On Tue, Apr 16, 2019 at 09:57:08AM -0700, Olof Johansson wrote:
On Tue, Apr 16, 2019 at 9:46 AM Alexei Starovoitov alexei.starovoitov@gmail.com wrote:
On Tue, Apr 16, 2019 at 04:22:40PM +0200, Greg Kroah-Hartman wrote:
On Tue, Apr 16, 2019 at 09:45:09AM -0400, Steven Rostedt wrote:
On Tue, 16 Apr 2019 09:32:37 -0400 Karim Yaghmour karim.yaghmour@opersys.com wrote:
>> Then we should perhaps make a new file system call tarballs ;-) >> >> /sys/kernel/tarballs/ >> >> and place everything there. That way it removes it from /proc (which is >> the worse place for that) and also makes it something other than debug. >> That's what I did for tracefs. > > As horrible as that suggestion is, it does kind of make sense :) > > We can't put this in debugfs as that's only for debugging and systems > should never have that mounted for normal operations (users want to > build ebpf programs), and /proc really should be for processes but that > horse is long left the barn. > > But, I'm willing to consider putting this either in a system-fs-like > filesystem, or just in sysfs itself, we do have /sys/kernel/ to play > around in if the main objection is that we should not be cluttering up > /proc with stuff like this. >
I am ok with the suggestion of /sys/kernel for the archive. That also seems to fit well with the idea that the headers are kernel related and probably belong here more strictly speaking, than /proc.
This makes sense. And if it alleviates concerns regarding extending /proc ABIs then might as well switch to this.
Olof, what do you think of this?
BTW, the name "tarballs" was kind of a joke. Probably should come up with a better name. Although, I'm fine with tarballsfs ;-)
No need to have this be a separate filesystem, we can use a binary sysfs file in /sys/kernel/ for this as the kernel is not doing any "parsing" of the data, it is just dumping it out to userspace.
What folks keep saying that an fs of header files is easier to use than tarball from bcc and cleaner from architectural pov. That's not the case. From bcc side I'd rather have a single precompiled headers blob that I can feed into clang and improve bpf program compilation time. Having a set of headers is a step to generate such .pch file, but once generated the headers can be removed from fs and kheaders module unloaded. The sequence is: bcc checks standard /lib/module location, if not there loads kheader mod, extracts into known location, and unloads.
May I suggest keeping the bcc-populated headers somewhere else?
what do you mean by bcc-populated? bcc keeps its own headers inside libbcc.so .data section and provides them to clang as 'memory buffer' in clang's virtual file system.
Ideally something cleaned out on every reboot in case kernel changes without version string doing it.
That way you can by default prefer the module-exported tarball, and fall back to /lib/module/$(uname -r)/ if not available, instead of the other way around and instead of having to check creation times on the dir vs boot time of the kernel, etc.
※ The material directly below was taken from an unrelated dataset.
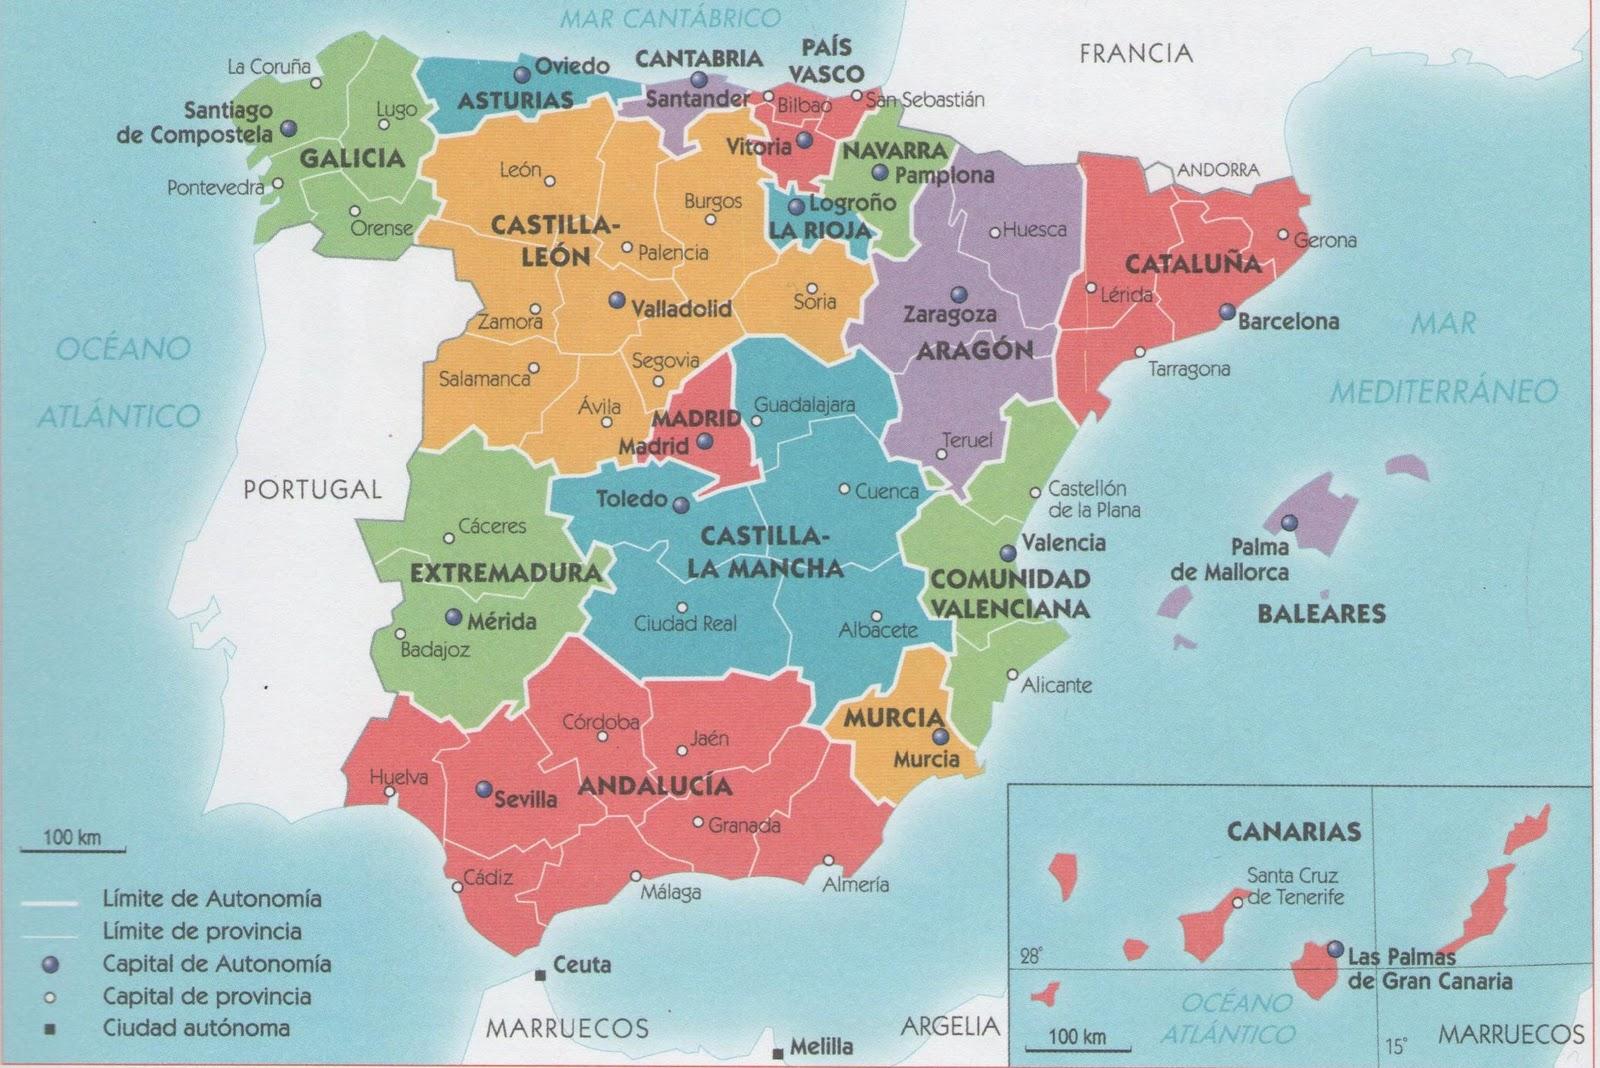 C mo pasar un buen fin de semana i el viaje y la investigaci n - Donde pasar un fin de semana romantico en espana ...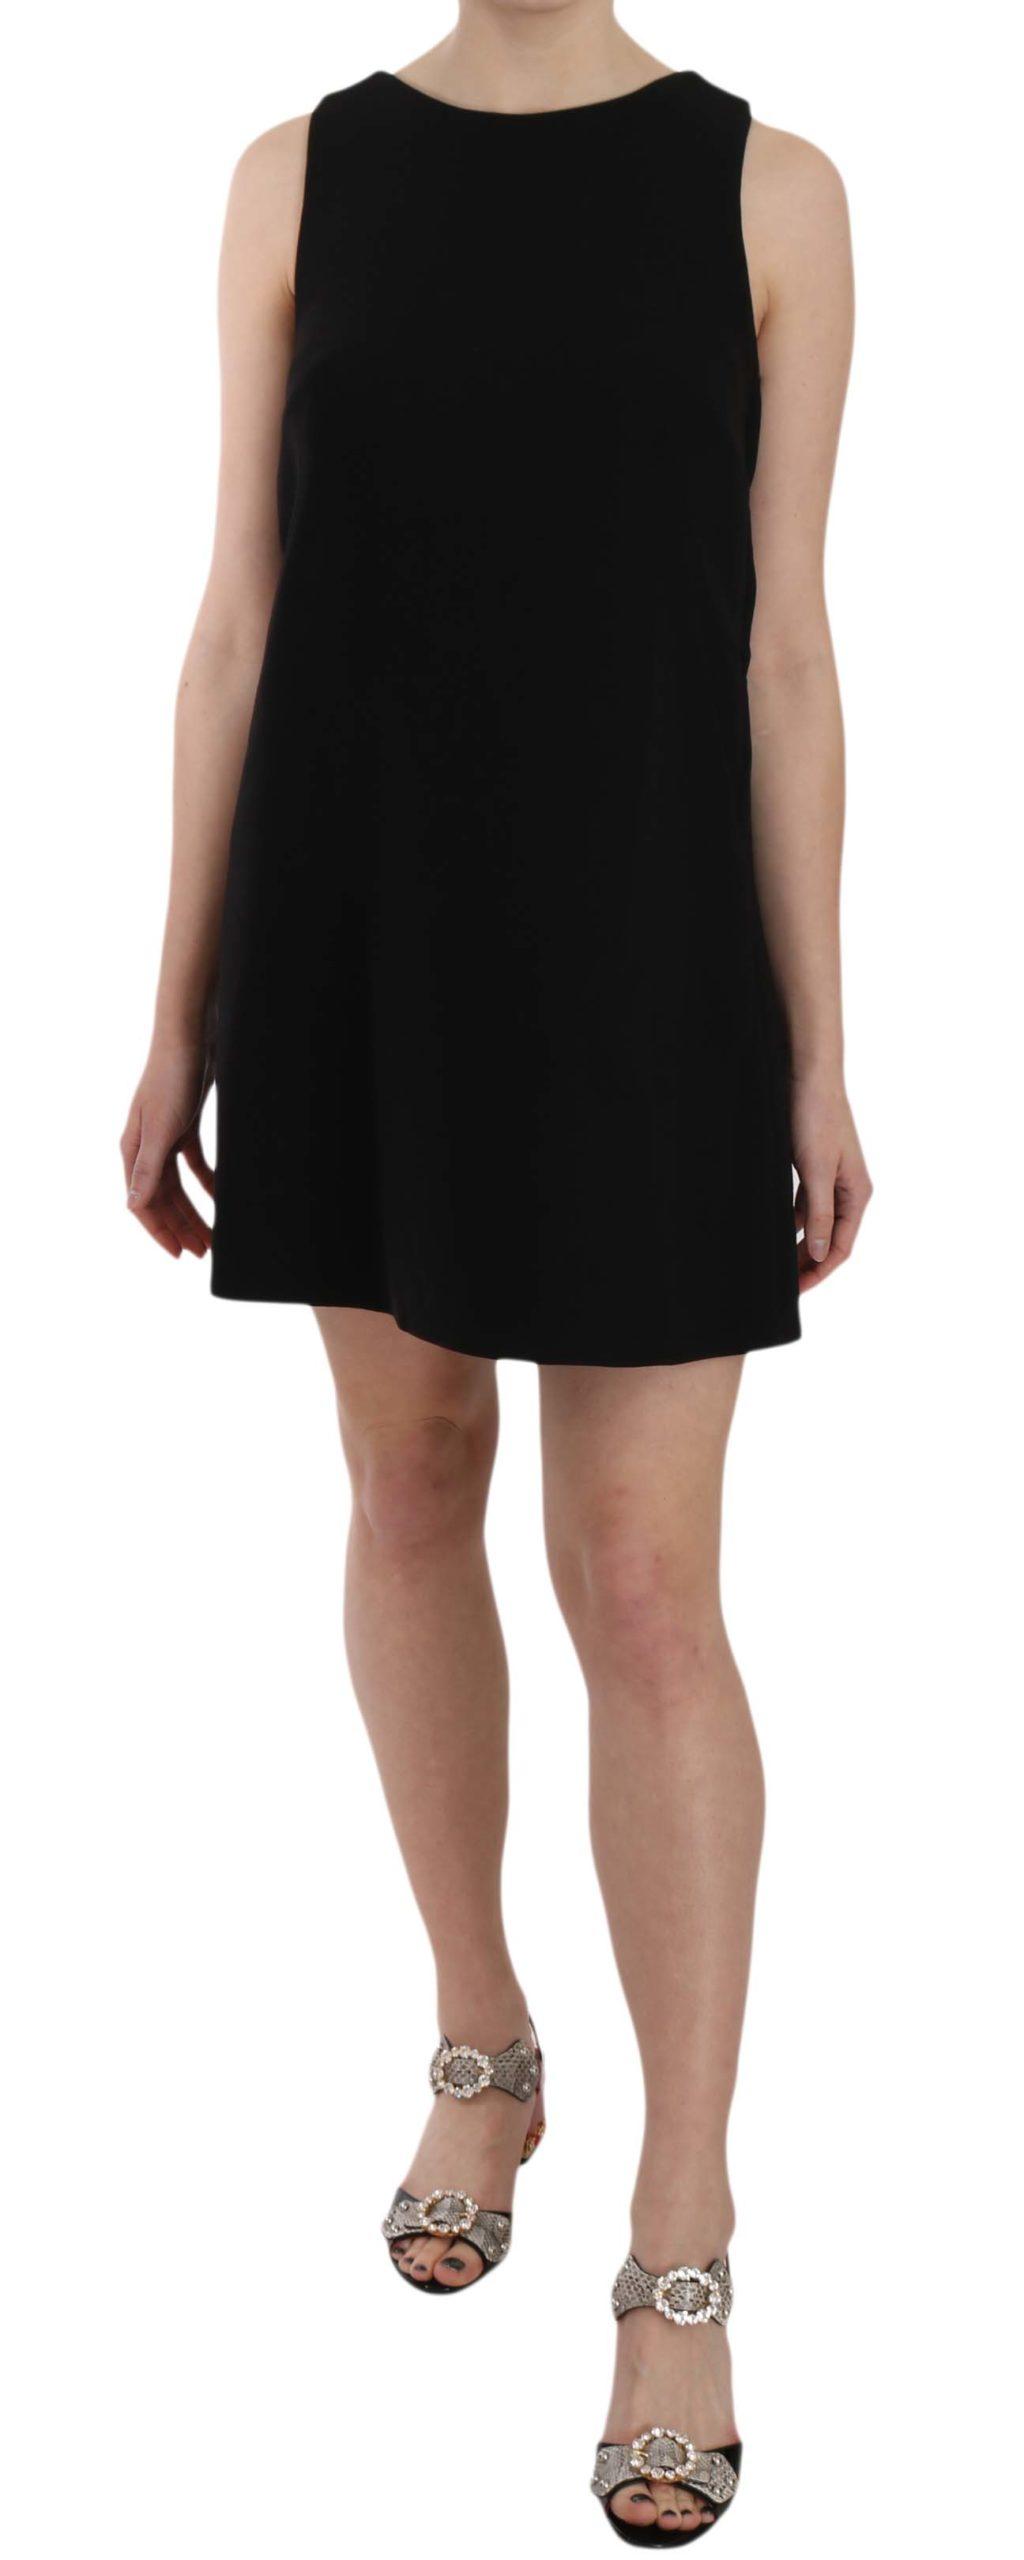 Dolce & Gabbana Women's Wool Crystal Button Shift Dress Black DR1620 - IT38 | S

the order of checks is bcc implementation detail. we can change that later. we've seen issues with /lib/modules/`uname -r` being corrupted by chef, so we might actually extract from kheaders.tar.xz all the time and more than once. Like try-compiling a simple prog and if it doesn't work, do the extract.
Anyway, that's just an implementation detail. But it's the kind of detail that all tools that use this would need to get right, instead of doing it right once by exporting it in a way that it can be directly used.
Today bcc is the only tool that interacts with clang this way. There is enough complexity and plenty of complex issues with on-the-fly recompile approach. I strongly suggest anyone considering new on-the-fly recompile to work with us on BTF instead.
The set of headers is not an ultimate goal. See the example with pch. bpf tracing needs three components: - all types and layout of datastructures; including all function prototypes with arg names - all macros - all inline functions
The first one is solved by BTF based solution, but macroses and infline functions have no substitute, but C header files. That is today. Eventually we might find a way to reduce dependency on headers and have macroses and infline functions represented some other way. Like mini-pch where only relevant bits of headers are represented as clang's syntax tree or mini C code. The key point is that having headers is not a goal. Making kernel maintain an fs of headers is imo a waste of kernel code. The most minimal approach of compressed tarball is preferred.
The extraced headers are in plain fs cache and will be evicted from memory when bcc is done compiling progs. imo much cleaner than kernel maintaining headers-fs and wasting memory.
So, in my original proposal I recommended unmounting when not needing it, which would remove the memory usage as well.
and such header-fs would uncompress internal tarball, create inodes, dentries and to make sure all that stuff is cleanly refcnted and freed. imo that is plenty of kernel code for no good reason.
Where kheaders.tar.xz is placed doesn't really matter. /proc or /sys/kernel makes no real difference.
If done in a location that isn't a perpetual ABI commitment, a tarball solution is something we can work with.
Fair enough. My guess that kheaders.tar.xz in this shape we would need for at least 5 years. After that we'll come up with better approach.